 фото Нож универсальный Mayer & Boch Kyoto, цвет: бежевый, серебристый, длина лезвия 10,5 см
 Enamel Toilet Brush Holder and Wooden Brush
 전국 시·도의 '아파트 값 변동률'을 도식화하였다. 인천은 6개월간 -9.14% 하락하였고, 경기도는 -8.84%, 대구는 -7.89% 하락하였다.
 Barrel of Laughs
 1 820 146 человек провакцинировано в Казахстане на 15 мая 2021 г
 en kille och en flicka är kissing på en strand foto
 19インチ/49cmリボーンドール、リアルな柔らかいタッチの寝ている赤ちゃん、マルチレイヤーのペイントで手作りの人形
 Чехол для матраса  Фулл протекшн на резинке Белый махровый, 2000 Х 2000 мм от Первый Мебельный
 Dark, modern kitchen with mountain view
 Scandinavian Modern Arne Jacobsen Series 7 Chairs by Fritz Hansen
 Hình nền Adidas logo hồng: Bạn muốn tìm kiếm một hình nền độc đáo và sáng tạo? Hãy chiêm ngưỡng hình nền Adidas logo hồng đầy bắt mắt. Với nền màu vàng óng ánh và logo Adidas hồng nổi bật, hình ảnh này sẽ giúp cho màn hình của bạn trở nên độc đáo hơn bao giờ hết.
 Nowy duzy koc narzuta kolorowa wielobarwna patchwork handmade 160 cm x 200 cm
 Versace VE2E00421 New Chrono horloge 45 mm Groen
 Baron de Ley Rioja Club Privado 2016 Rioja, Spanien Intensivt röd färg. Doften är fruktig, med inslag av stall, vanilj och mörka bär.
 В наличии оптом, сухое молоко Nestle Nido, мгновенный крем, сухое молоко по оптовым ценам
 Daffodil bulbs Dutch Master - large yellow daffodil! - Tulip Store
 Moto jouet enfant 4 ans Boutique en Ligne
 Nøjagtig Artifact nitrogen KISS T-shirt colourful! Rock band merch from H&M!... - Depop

_ACTION ITEM:_
Transcribe the records above from the line holding "Nowy duzy koc" down to the line holding "Moto jouet enfant 4 ans Boutique en Ligne", inclusive, without adding anything.

_WRITTEN SOLUTION:_
 Nowy duzy koc narzuta kolorowa wielobarwna patchwork handmade 160 cm x 200 cm
 Versace VE2E00421 New Chrono horloge 45 mm Groen
 Baron de Ley Rioja Club Privado 2016 Rioja, Spanien Intensivt röd färg. Doften är fruktig, med inslag av stall, vanilj och mörka bär.
 В наличии оптом, сухое молоко Nestle Nido, мгновенный крем, сухое молоко по оптовым ценам
 Daffodil bulbs Dutch Master - large yellow daffodil! - Tulip Store
 Moto jouet enfant 4 ans Boutique en Ligne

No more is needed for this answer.